_Description of the task:_
Omit the pictures and extract only the lines from the line containing "Edinburgh heksen oude" to the end of the material, each exactly as written.
Start of Dataset content
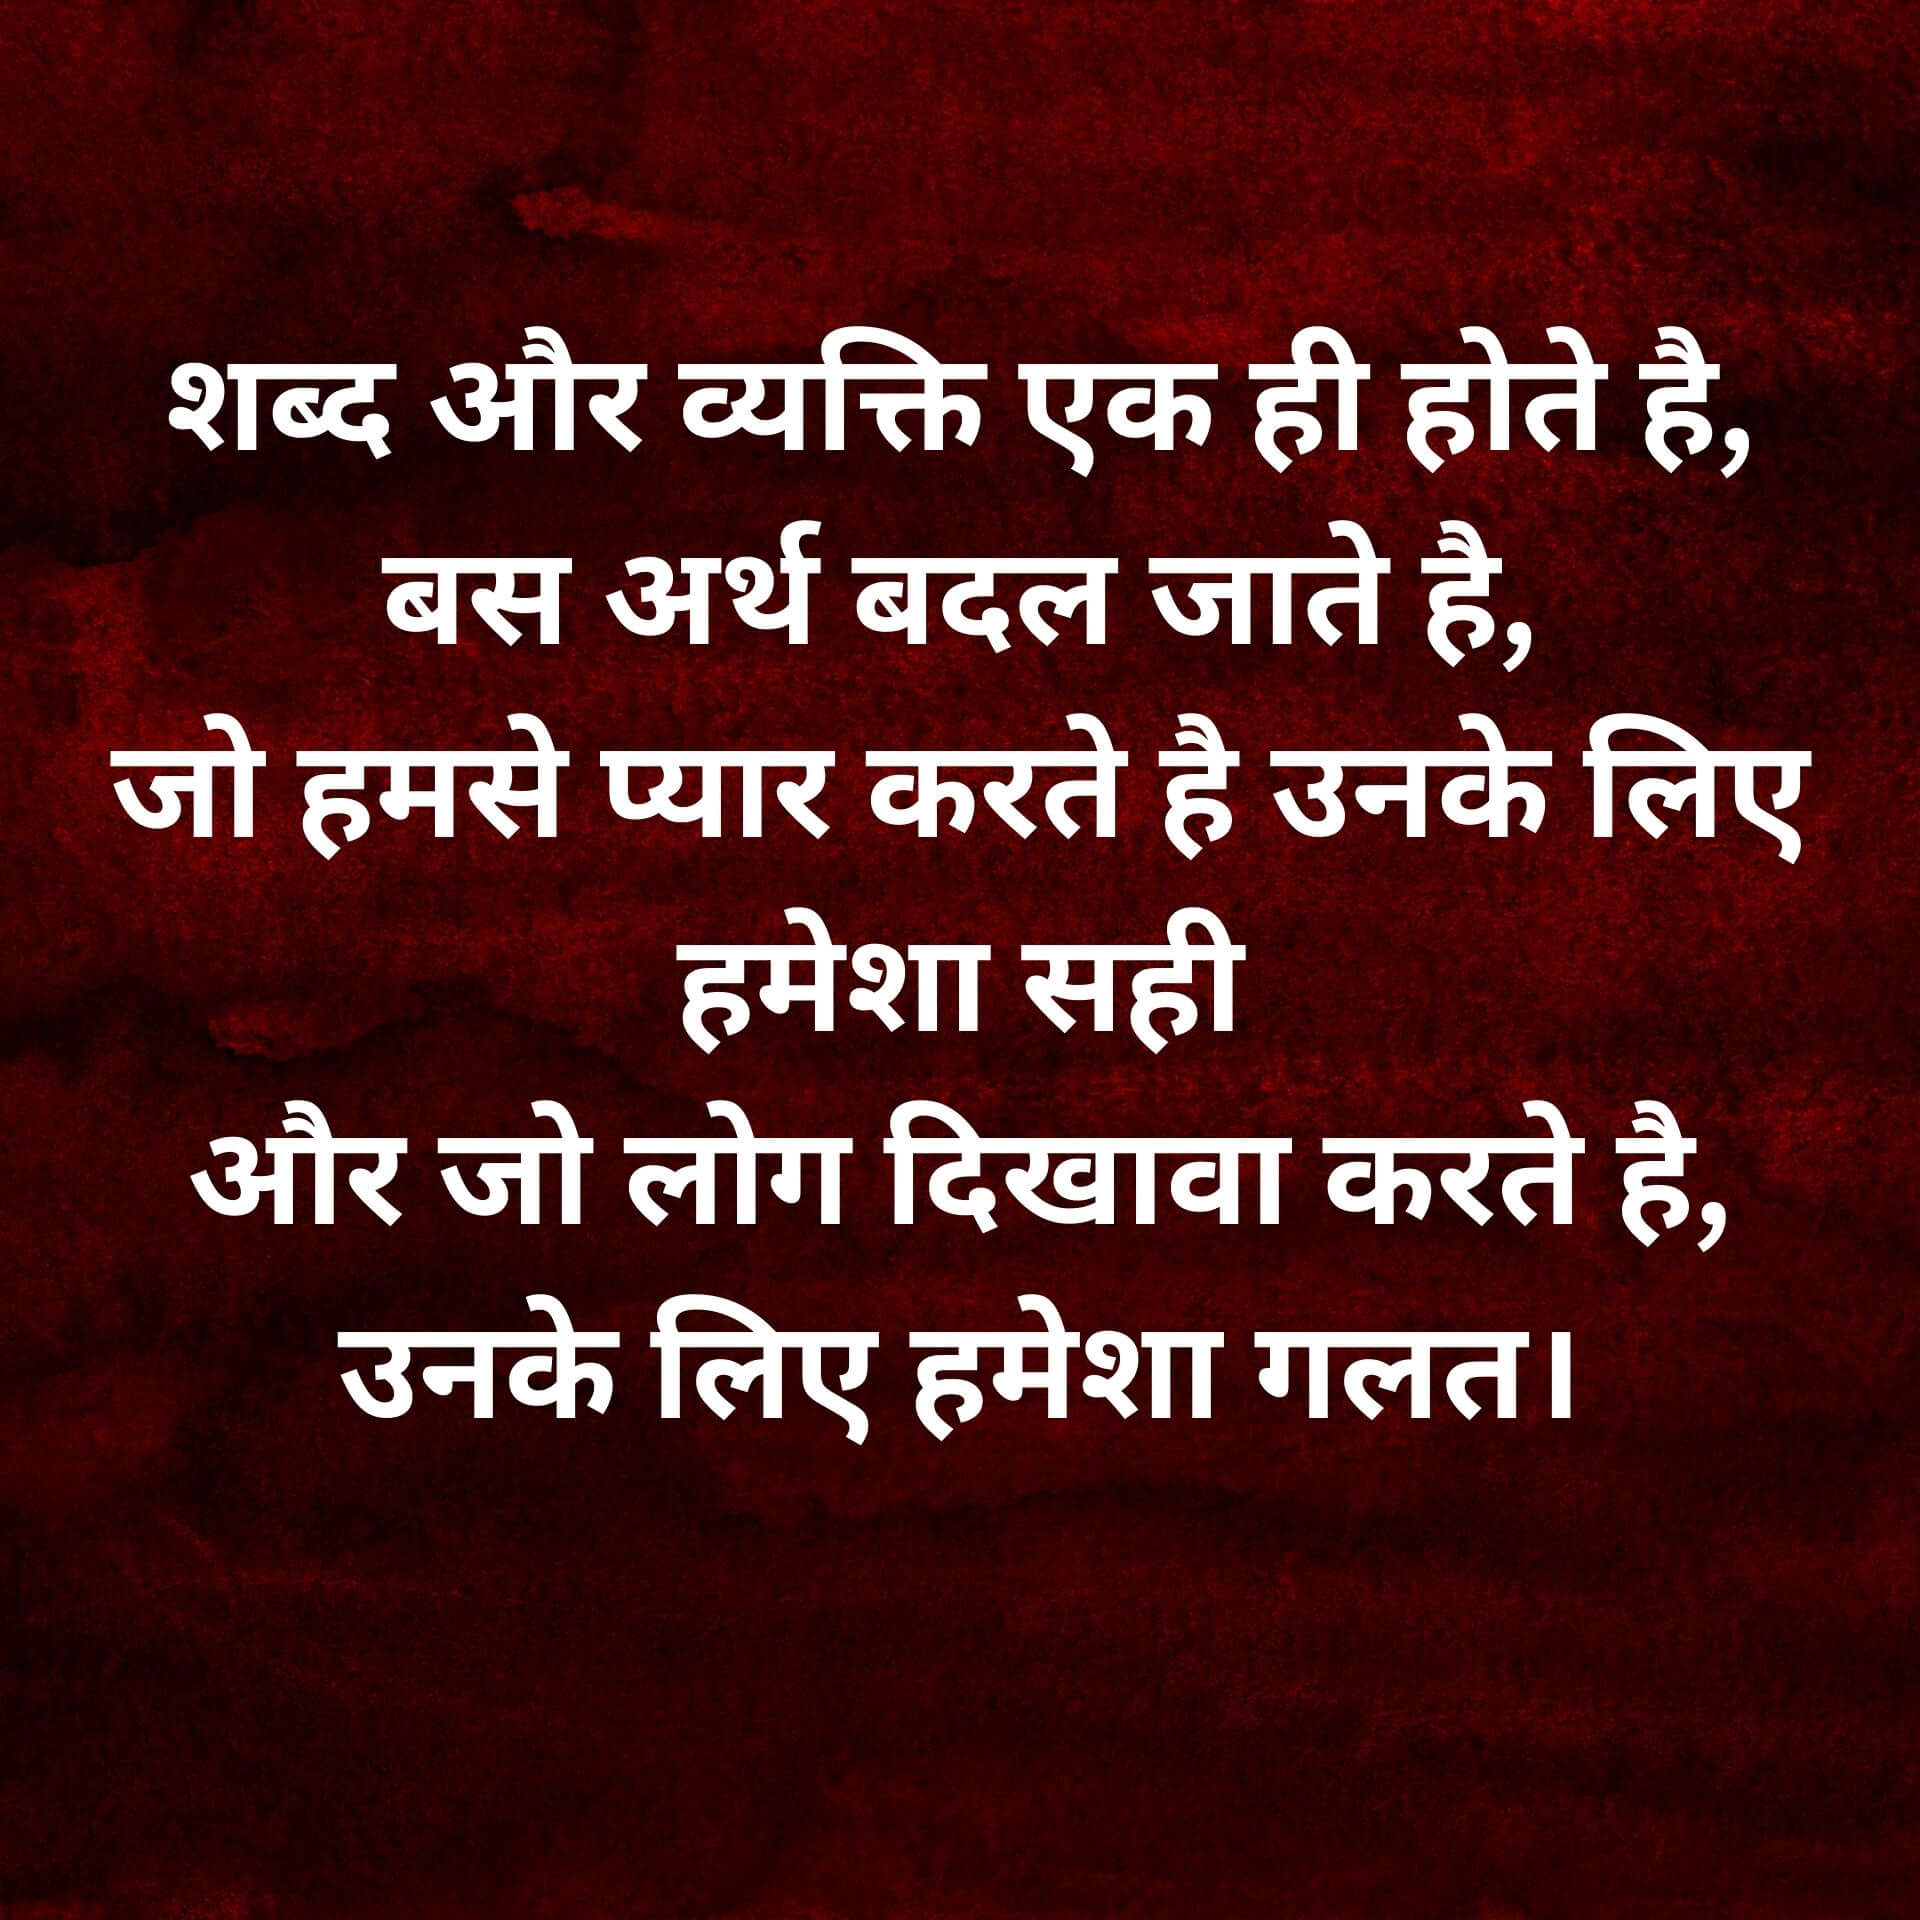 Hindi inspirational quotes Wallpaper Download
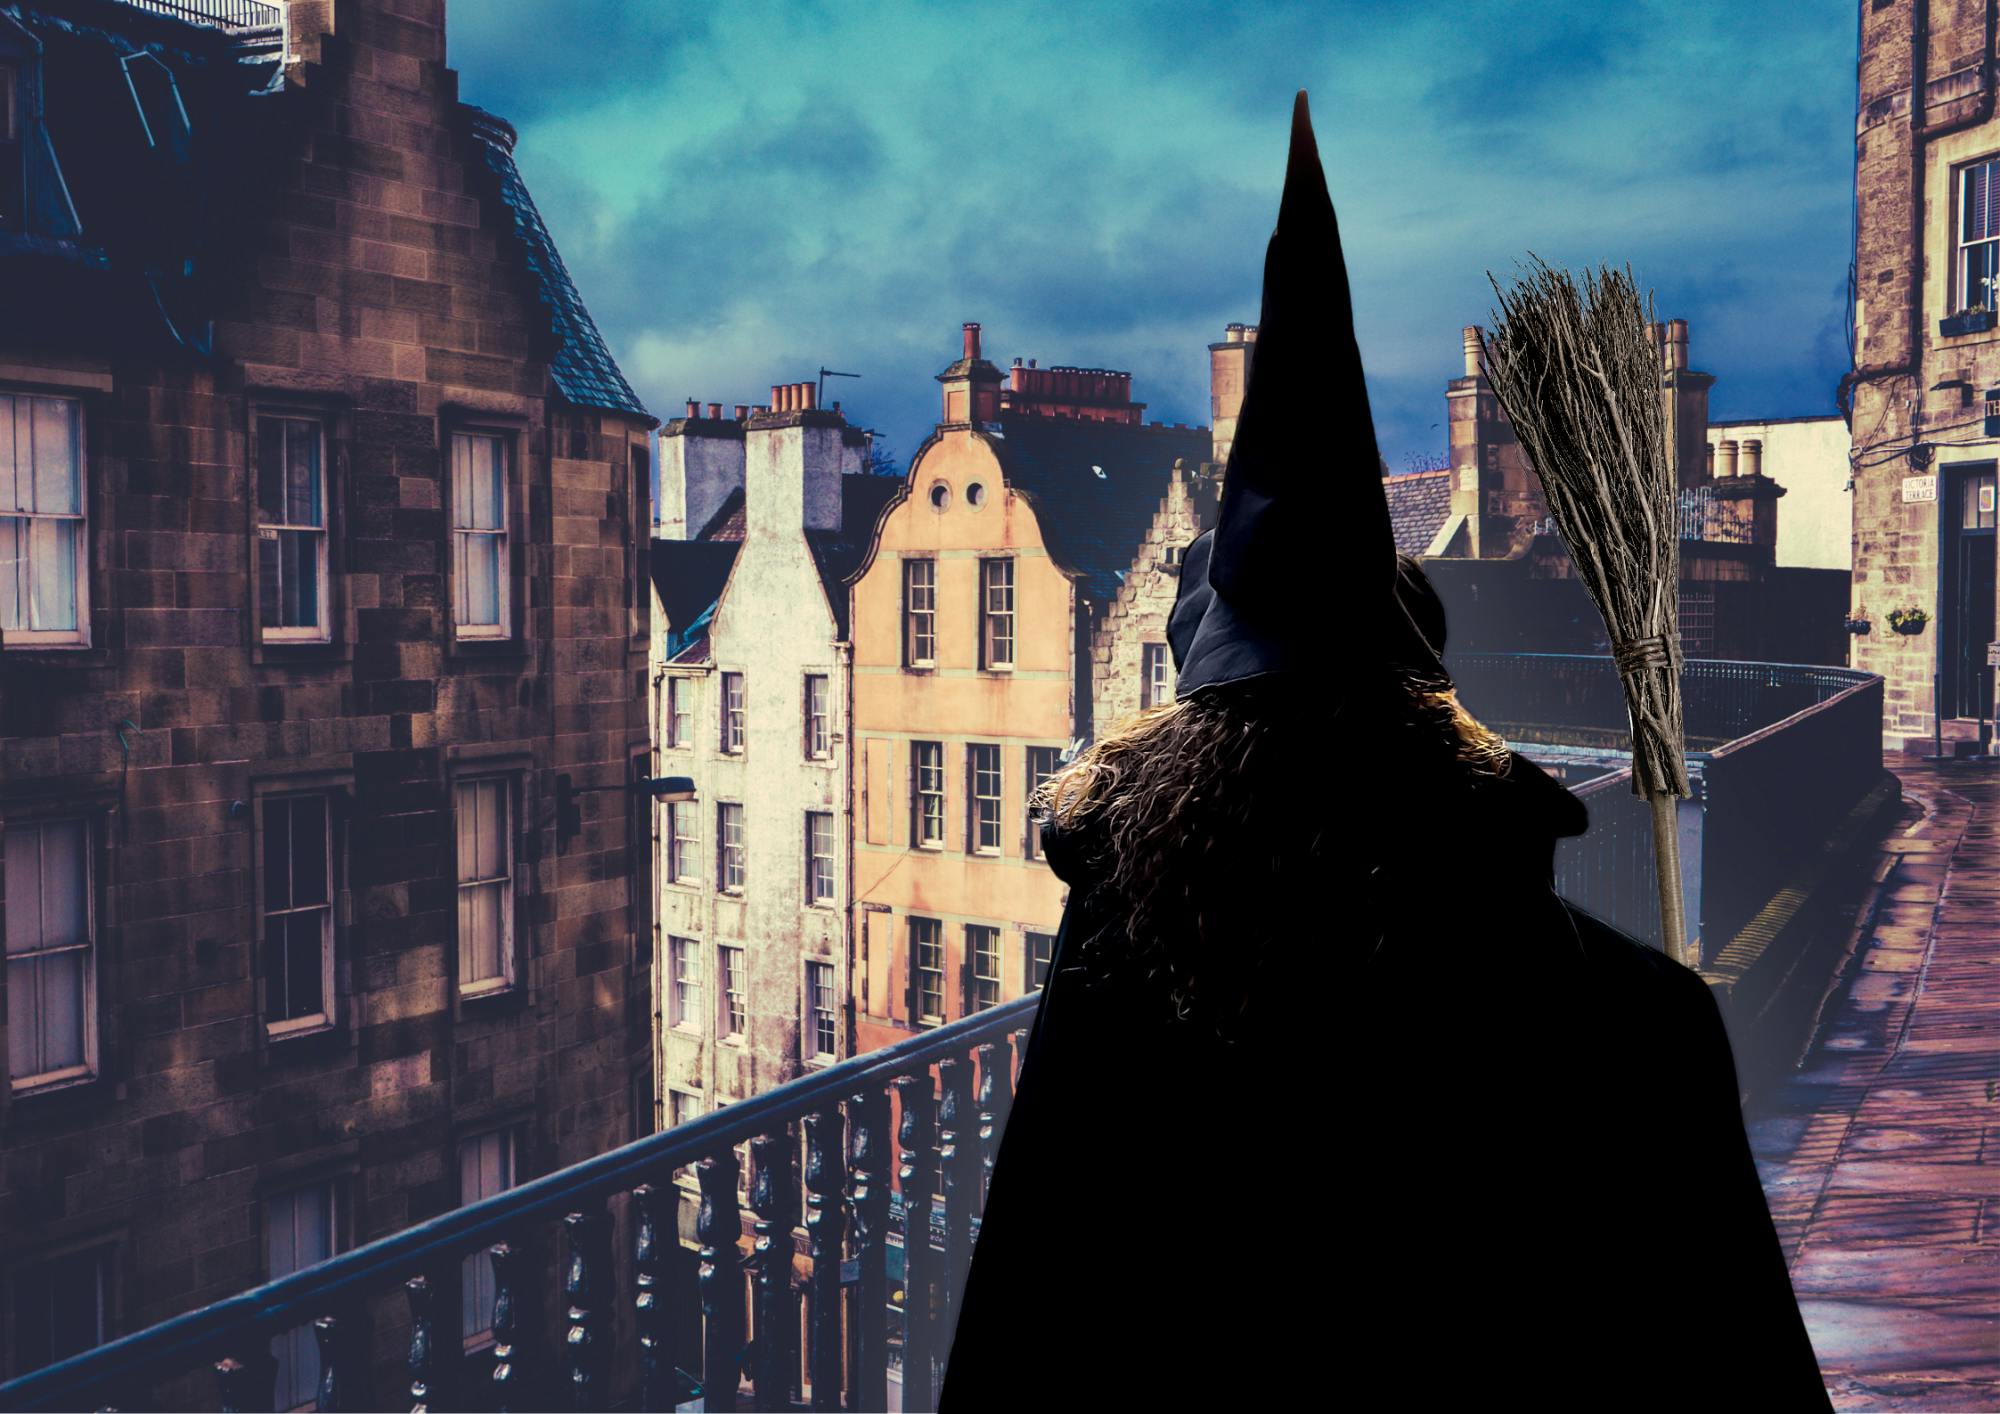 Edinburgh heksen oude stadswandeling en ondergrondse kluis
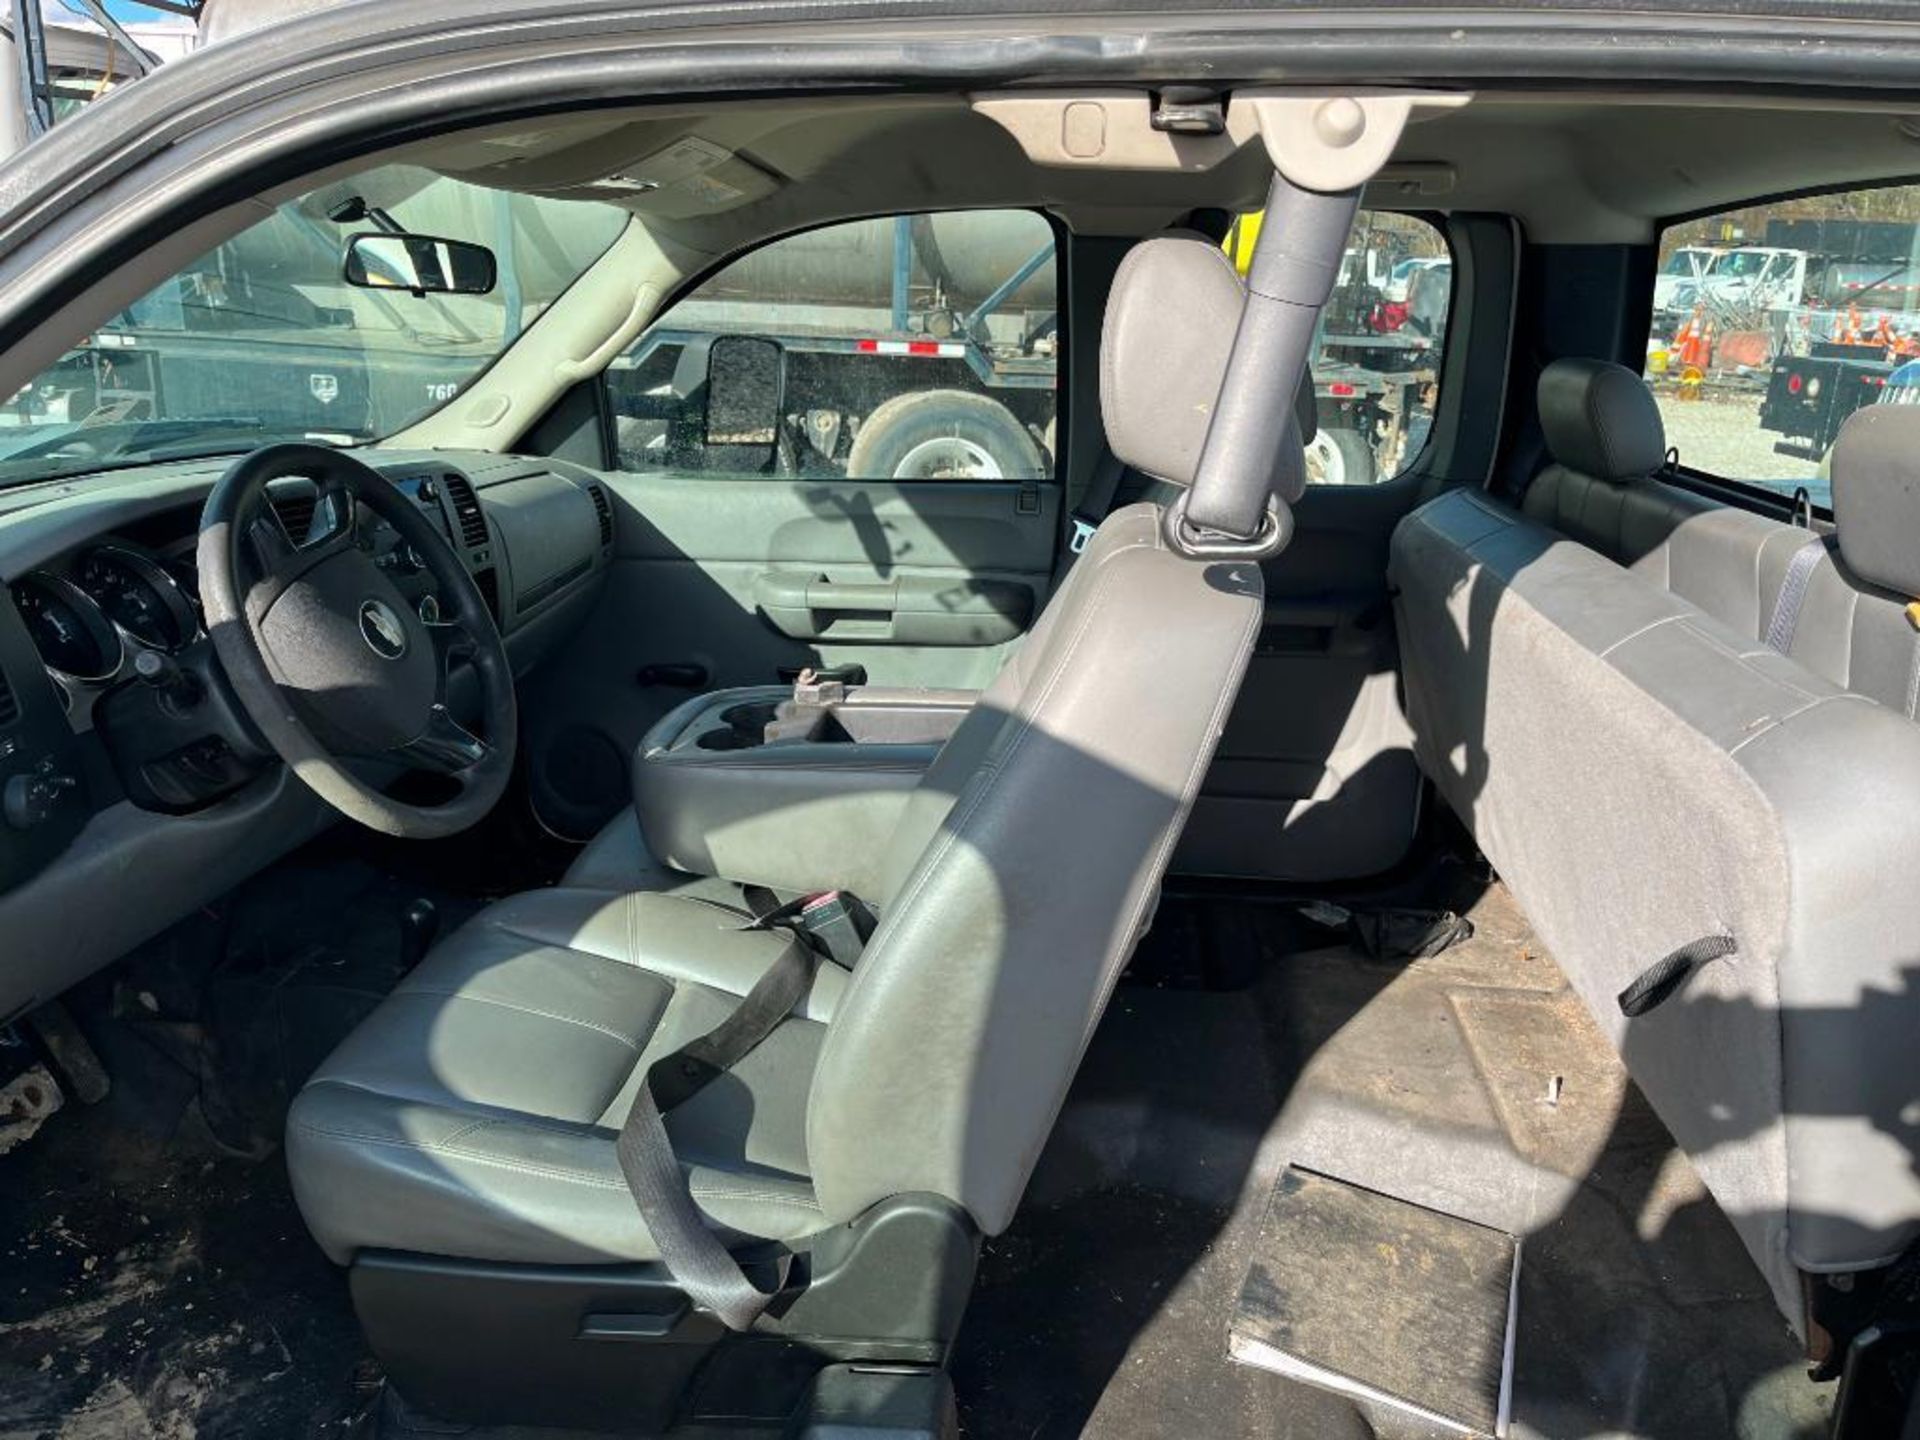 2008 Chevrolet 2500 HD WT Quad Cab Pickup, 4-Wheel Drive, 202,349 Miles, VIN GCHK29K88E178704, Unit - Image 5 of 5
End of Dataset content
_Reply:_
 Edinburgh heksen oude stadswandeling en ondergrondse kluis
 2008 Chevrolet 2500 HD WT Quad Cab Pickup, 4-Wheel Drive, 202,349 Miles, VIN GCHK29K88E178704, Unit - Image 5 of 5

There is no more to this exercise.